• _Dataset content_:
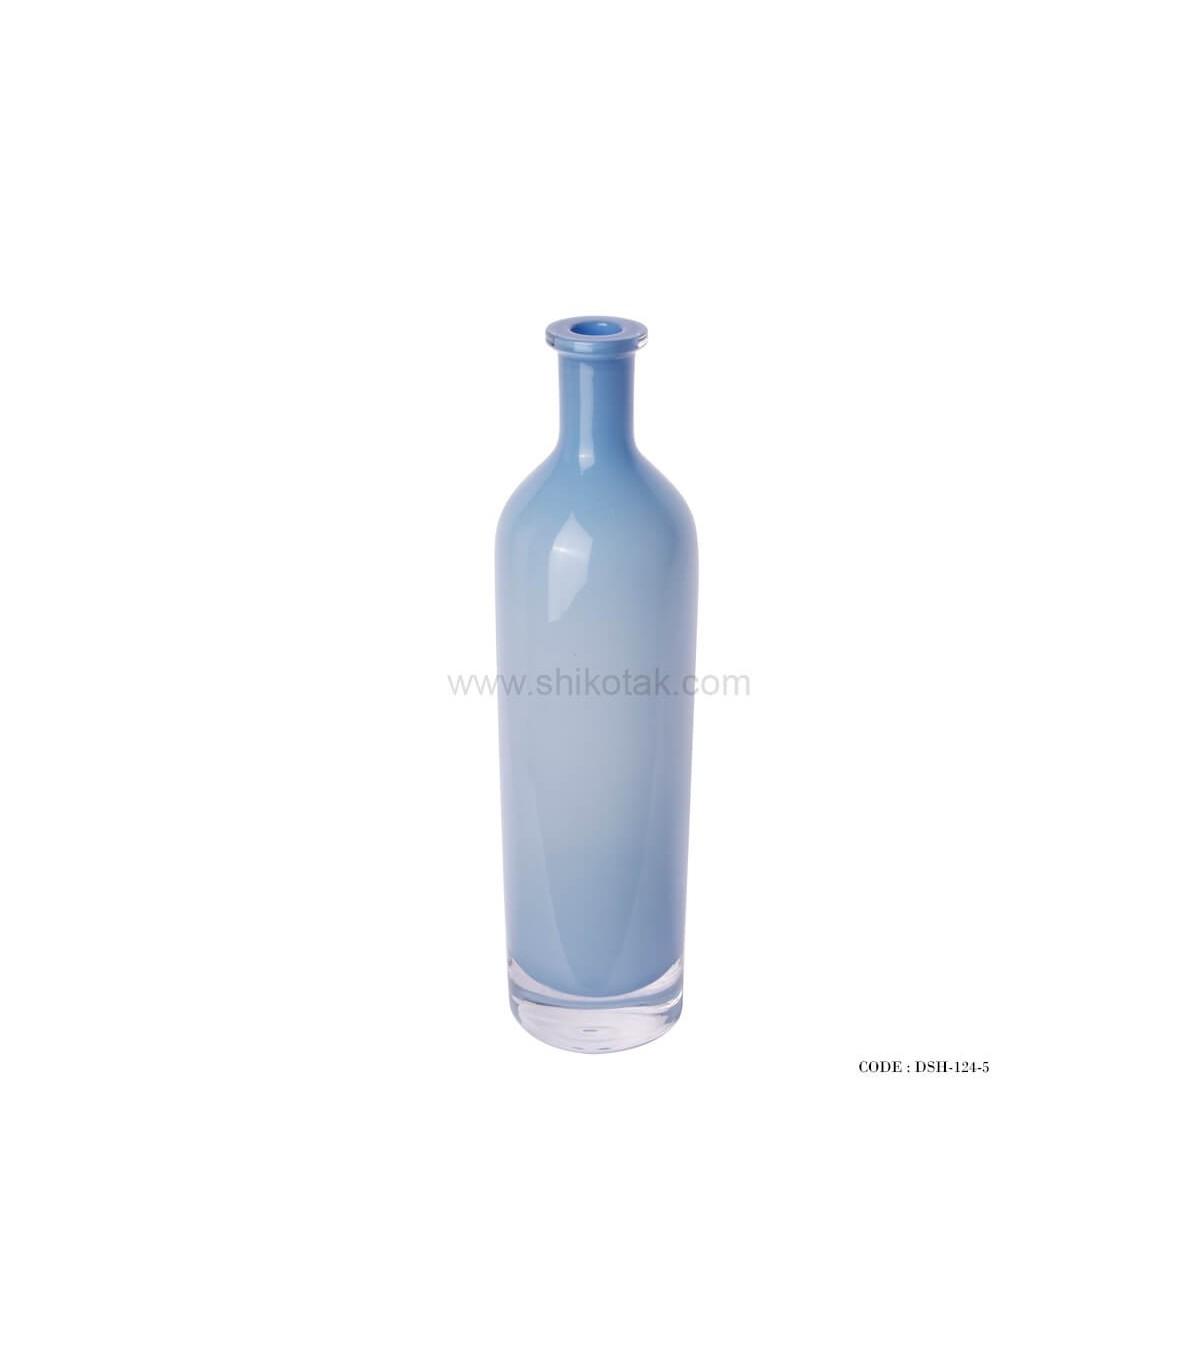 گلدان شیشه ای ایکیا رومیزی
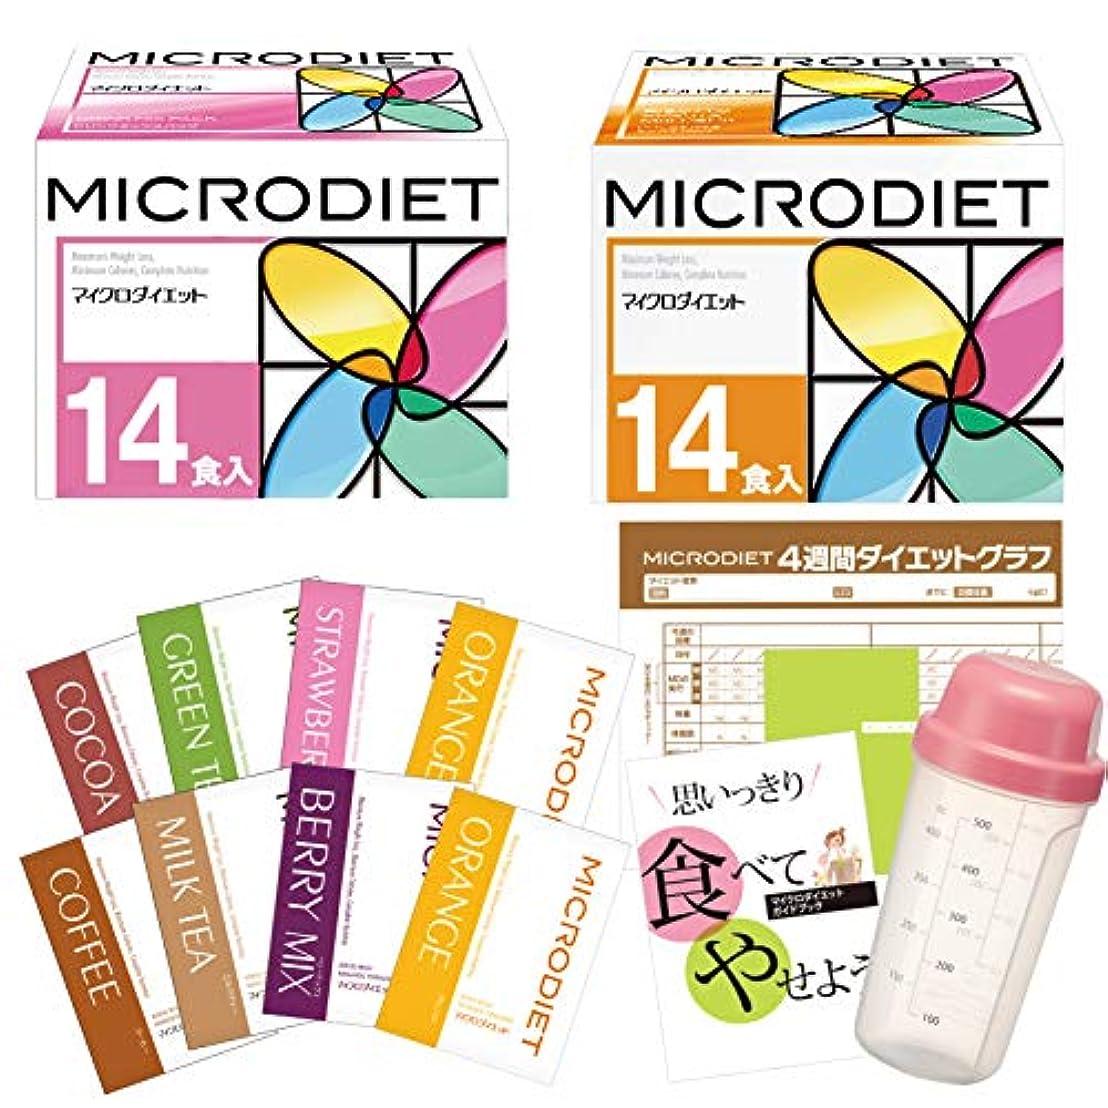 ショッキング家畜義務的マイクロダイエット2箱+8食セット(初回特典付き)ドリンク、リゾット&パスタ各1箱:06AMA2-0000022
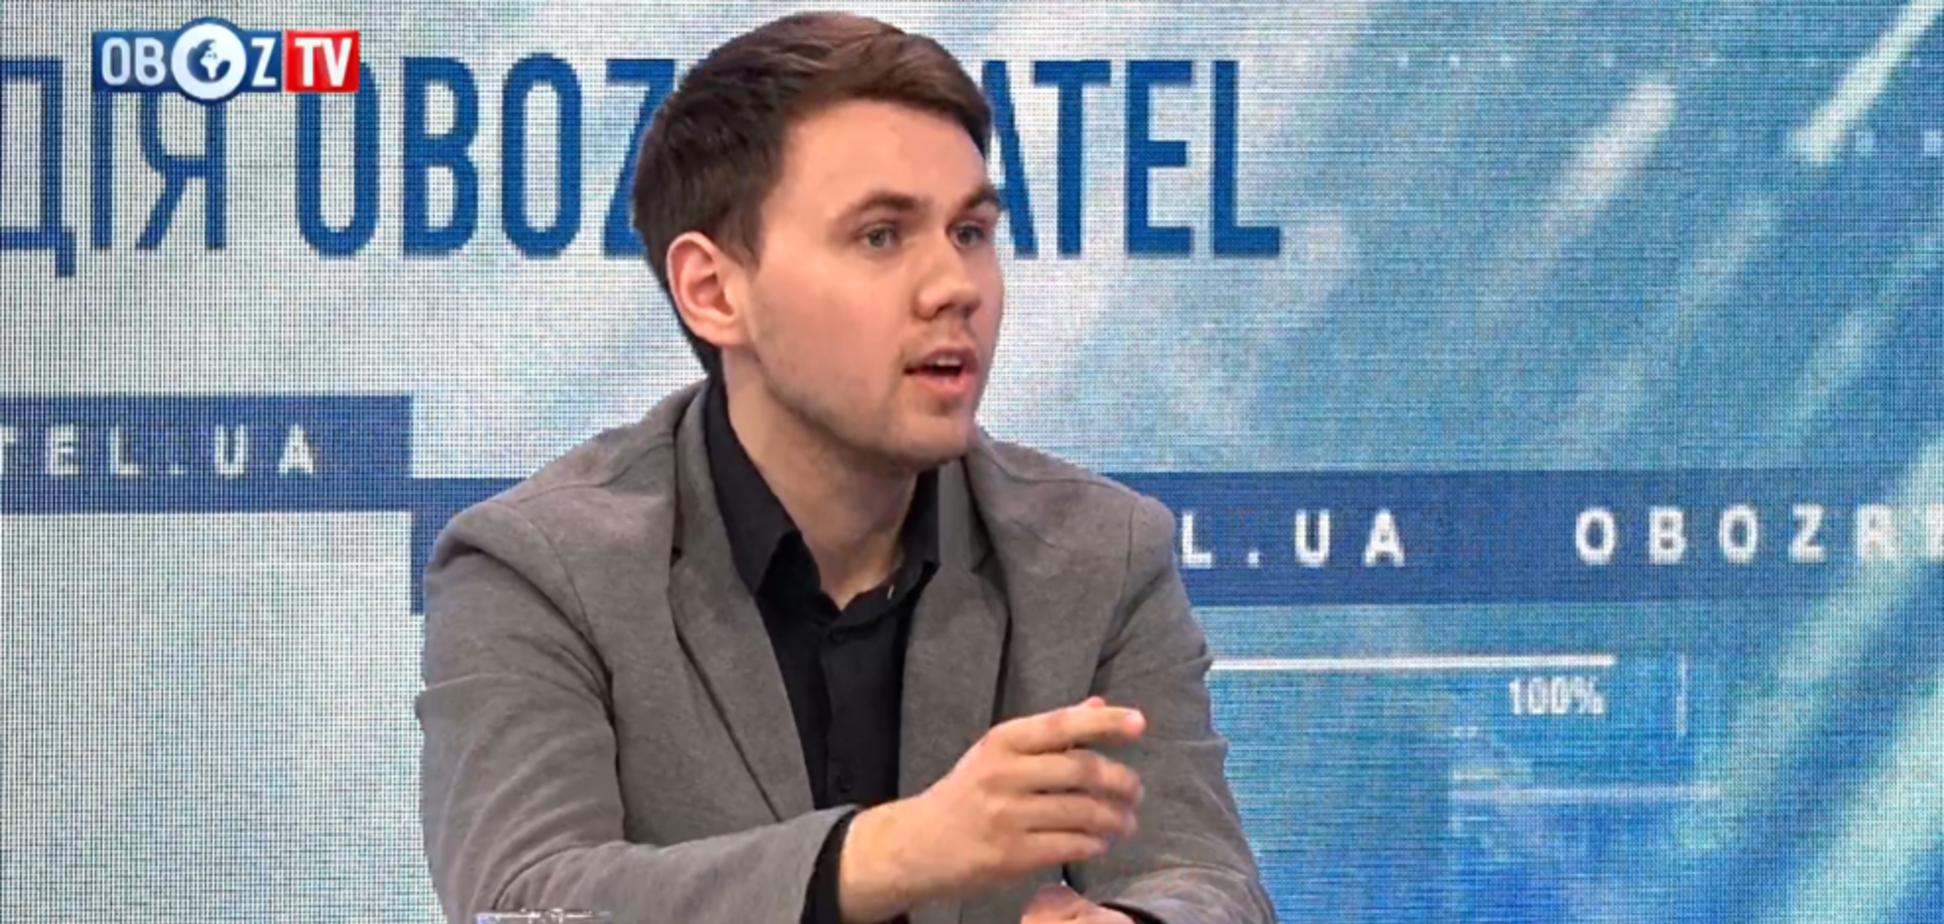 Программы с участием Зеленского в эфире в ''день тишины'' – эксперт дал разъяснение

• _Aim of the task_: Everything in the listing above except the pictures should be duplicated exactly.

• _Written solution_:
 گلدان شیشه ای ایکیا رومیزی
 ショッキング家畜義務的マイクロダイエット2箱+8食セット(初回特典付き)ドリンク、リゾット&パスタ各1箱:06AMA2-0000022
 Программы с участием Зеленского в эфире в ''день тишины'' – эксперт дал разъяснение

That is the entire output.